According to the World Health Organization (WHO), as of October 19, 2021, there have been more than 240 million confirmed cases of COVID-19 globally, causing the loss of more than 4.9 million lives [1]. The wide and rapid spread of the SARS-CoV-2 virus precipitated a global health and economic crisis: the WHO reported a disruption to essential health services that affected 90% of countries between March and June 2020 [2], and the World Bank estimates that the global economy has experienced the deepest recession since the Second World War and that an upsurge in extreme poverty is to be expected [3, 4].
Governments have introduced physical distancing policies, hygiene protocols, and total or partial lockdowns to control virus transmission, but many countries who eased lockdown restrictions saw a resurgence of COVID-19 cases, making the development of a vaccine to combat COVID-19 one of the most urgent public health endeavors in modern history. As of October 19, 2021, there were one vaccine approved and three approved for emergency use in the United States, four approved for emergency use in the European Union [5], 127 candidate vaccines in clinical evaluation and 194 in preclinical studies [6], with more vaccines on track to complete clinical trials and possibly receive regulatory authorization for use.
To evaluate a vaccine candidate’s efficacy and safety, it is critical that vaccine trials are conducted in the right populations at the right time to improve the power of an accurate result for the product’s true efficacy, and to reduce the required sample size. Ideally, randomized controlled trials for vaccines are conducted in sites and population groups where there is a high incidence rate and where a significant proportion of the population remains susceptible to infection. Infectious disease models can help support the decision-making process in vaccine trial site selection by predicting which settings and populations are most likely to have high incidence rates during periods when trials are scheduled to occur. In addition, models can assist in predicting the expected rate of infection endpoints that is needed to calculate the required study sample size. Between June and August 2020, we used an agent-based model, Covasim [7], to project COVID-19 incidence and diagnosis rates for 72 locations across Australia (AU), Belgium (BE), Brazil (BR), France (FR), Italy (IT), Mexico (MX), the Netherlands (NL), South Africa (ZA), Spain (ES), and the United States (US). The Covasim model was used as one of multiple models to project the incidence rate of infections and diagnosed (i.e., tested positive) cases for the 6-week window of 15 September to 31 October 2020, which was 2–3 months in the future from the time that the model projections were created. The 6-week window was the time during which the Janssen COVID-19 vaccine was scheduled to start enrolment in efficacy clinical trials. Model projections from multiple models (e.g., the MIT model), including the Covasim model, were considered in the selection of clinical trial sites alongside logistic, feasibility, time to enrolment, and other factors in vaccine trial site selection.
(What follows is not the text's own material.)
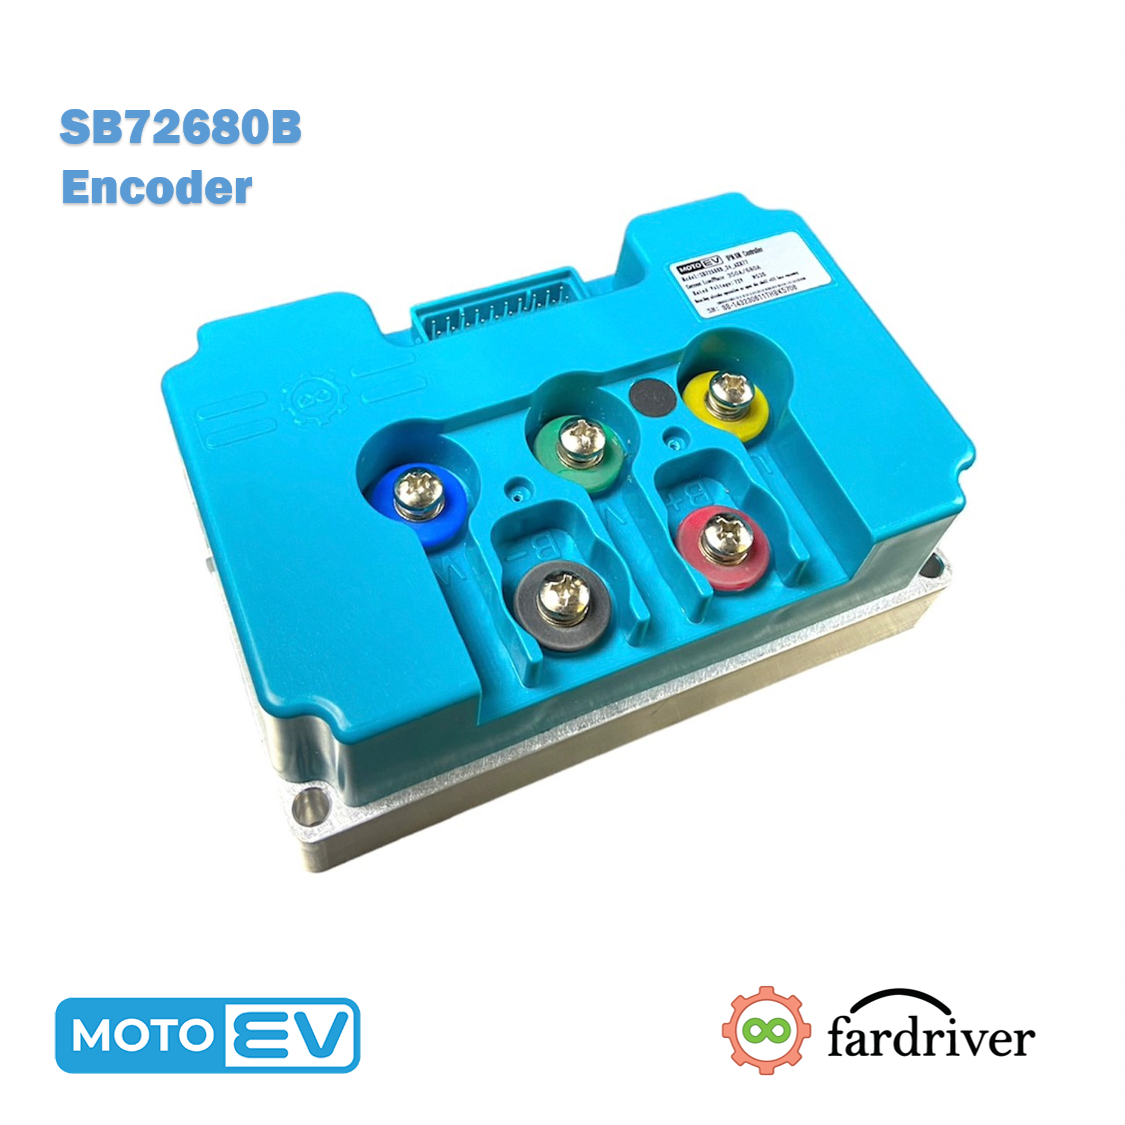 SB72680B Encoder 350A/680A
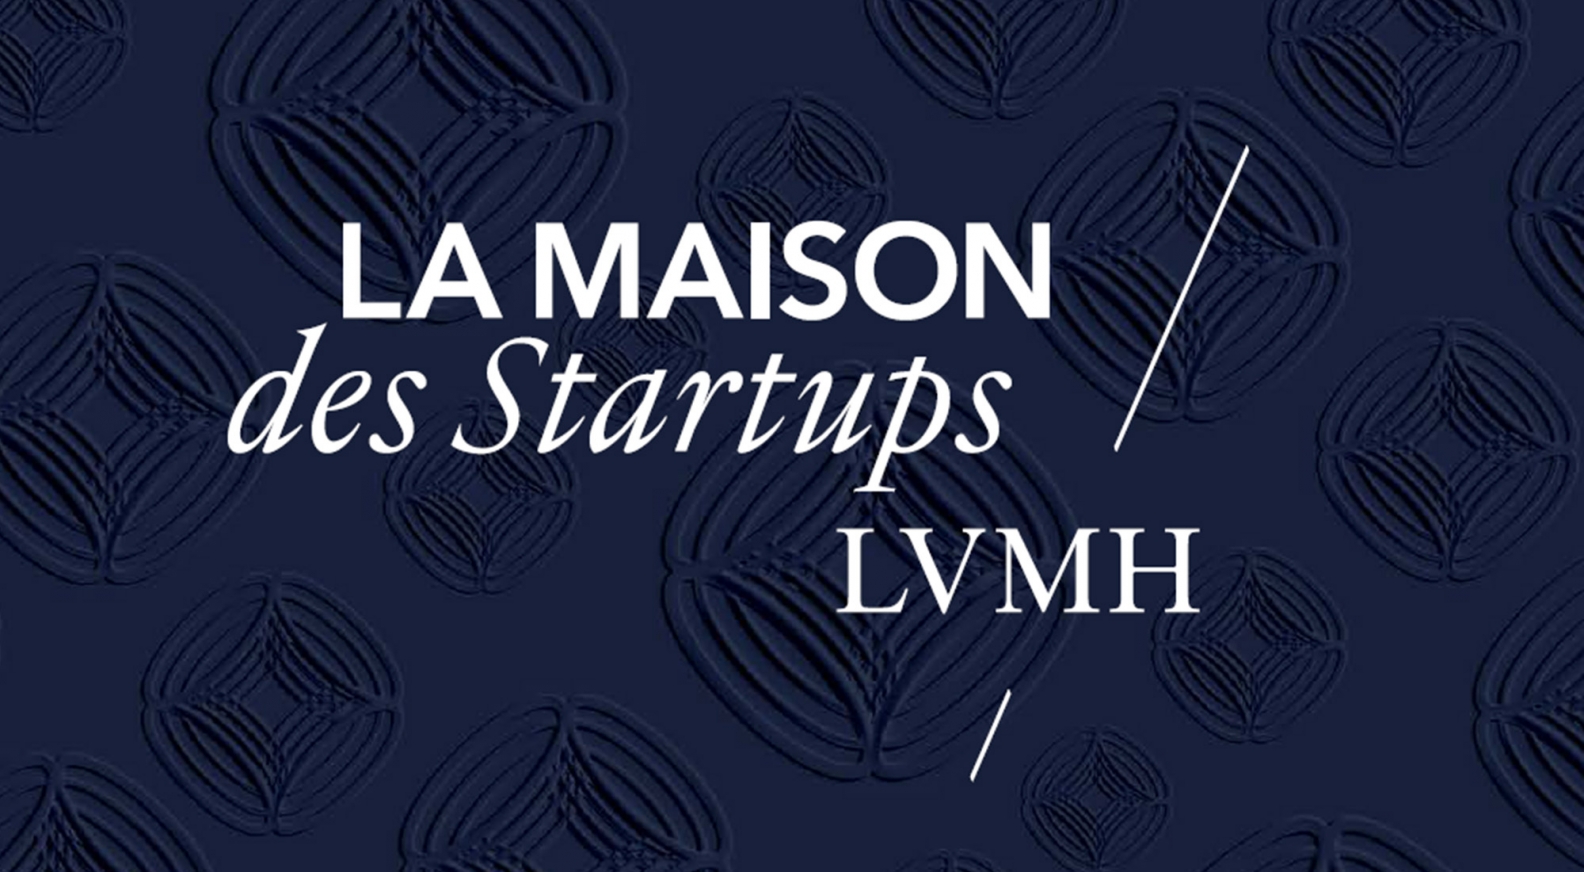 Velou - La Maison des Startups LVMH work space

Infectious disease models, no matter how sophisticated, are inherently limited by the data used to calibrate them and the assumptions they make about the future conditions. Model validation is an important mechanism to understand which inputs and assumptions play the greatest role in determining model accuracy. For the 72 settings modelled, the projection period has now passed, meaning that it is possible to compare model outcomes with actual outcomes in each setting and to determine any correlates of accuracy. This information is valuable for improving future reliability of infectious disease models, as well as for improving our fundamental understanding of the COVID-19 pandemic.
In this study, we assess whether the actual data for each of the 72 settings fell within projected confidence limits of 5 different scenario analyses, the a priori accuracy of the ranking of COVID-19 projected incidence for potential trial sites, and usefulness of a statistical regression model to identify policy, socioeconomic, and other factors as predictors of model accuracy.